Penser ou panser le travail social au Québec?

Par Marie-Lyne Roc, T.S., M.Sc., chargée d’affaires professionnelles à l’OTSTCFQ | Publié le 3 mai 2018

À la lecture du dossier précédent, il est impressionnant de constater à quel point le Québec partage des réalités communes avec une majorité de pays occidentaux.

Comme c’est le cas ailleurs, le travail social a largement contribué à faire du Québec une société plus égalitaire, plus inclusive, plus juste. En matière de protection, de défense et de promotion des droits des personnes, les accomplissements du travail social sont nombreux et impressionnants. Les avancées dans les domaines tels que la protection de la jeunesse, la protection des personnes majeures inaptes, l’itinérance, la dépendance, la violence, l’immigration, la santé mentale, les soins en fin de vie démontrent certainement le chemin parcouru.

Pourtant, le travail social au Québec est plus que jamais mis à l’épreuve. Tout comme ailleurs, les orientations sociopolitiques et économiques de l’État, fondées sur la mondialisation et le néo-libéralisme, frappent de plein fouet la pratique du travail social. Il y a à cet égard unanimité : faire du travail social aujourd’hui, au Québec, représente un défi de taille. Pour les acteurs du social, rester intègres, fidèles et collés sur les fondements, les valeurs et les principes du travail social demande de penser, d’être et d’agir constamment à «contre-courant», de faire «bande à part».

À la croisée des chemins

Le travail social au Québec est à la croisée des chemins et doit se positionner autrement puisque les méthodes traditionnelles n’arrivent plus à atténuer les effets de la mondialisation. Serait-ce le moment d’établir un travail social plus politisé, plus critique et même plus radical? Est-ce que le travail social aurait avantage à sortir du système?

Considérant l’état du Québec, aujourd’hui, il y a fort à parier que les enjeux des prochaines années seront liés aux besoins et défis que posent le vieillissement de la population, aux réalités associées à la diversité sur tous les plans, aux transformations des institutions publiques en raison de la privatisation et de la philanthropie, à la redéfinition des rôles sociaux et aux transformations des rapports sociaux. Les questions entourant les besoins et les réalités des communautés autochtones, la revitalisation des régions rurales, la protection de l’environnement, l’utilisation des nouvelles technologies de l’information, des médias et de l’intelligence artificielle sont autant de domaines qui toucheront le travail social comme discipline et comme pratique professionnelle. Enfin, malheureusement, tout porte à croire que la pauvreté, les inégalités sociales, la discrimination, l’exclusion sociale demeureront encore présentes au Québec.

Pour une solidarité autour du travail social

En réponse à la complexité de ces réalités sociales, tous les acteurs du travail social doivent unir leurs forces.

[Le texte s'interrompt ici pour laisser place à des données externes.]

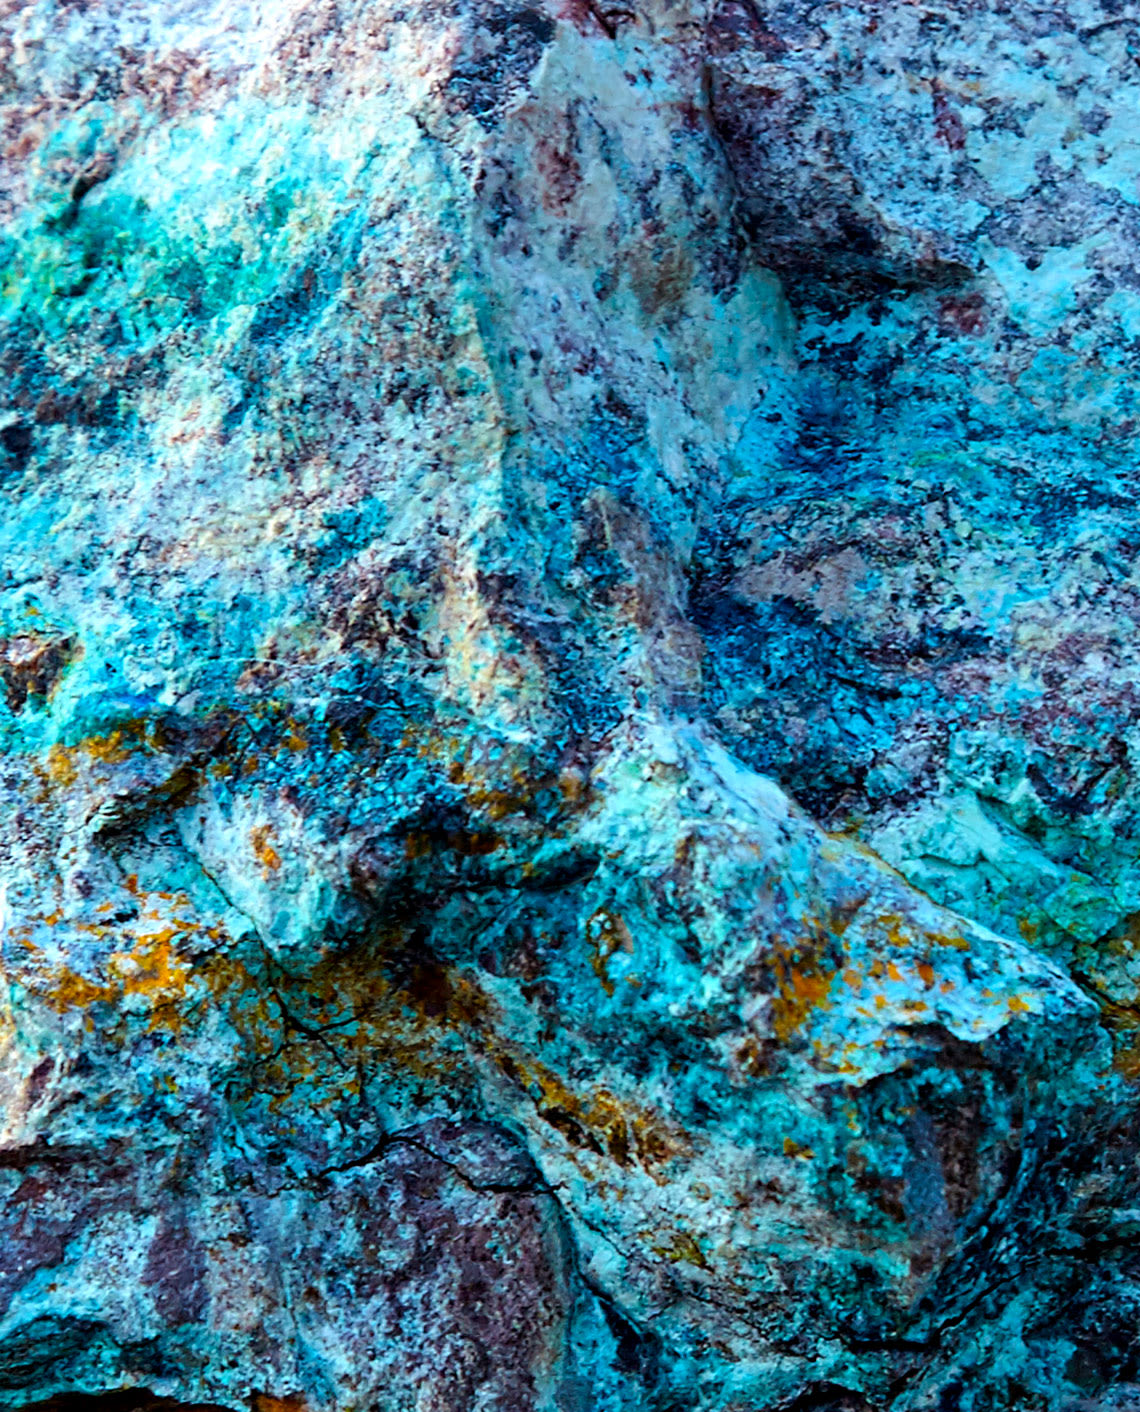 Bright blue raw copper ore

Praticiens, chercheurs, gestionnaires, enseignants, étudiants, citoyens et même les ordres professionnels sont appelés à travailler ensemble, en collaboration et en complémentarité, pour contrer la mouvance dominante. La littérature ainsi que les données empiriques relèvent les possibilités et les avantages de nouvelles alliances à établir, notamment entre le travail social et l’écologie, entre le travail social et la santé publique ou encore entre le travail social et la sécurité publique. D’autres misent sur des pratiques créatives, novatrices, collectives, anti-oppressives, de proximité, axées sur l’empathie et l’éthique sociales. Ces pratiques se développent, ici comme ailleurs, comme antidotes aux difficultés rencontrées par les victimes du contexte actuel.

En somme, ce dossier reflète la pluralité et la complexité des enjeux sociaux auxquels fait face le travail social d’ici. Nous souhaitons qu’il fasse valoir et connaître certaines pratiques et prises de position inspirantes. C’est une façon d’unir nos forces, nos idées et nos façons de faire pour qu’émerge un travail social respectueux de ses fondements, de ses valeurs et principes de justice sociale et de respect des droits humains.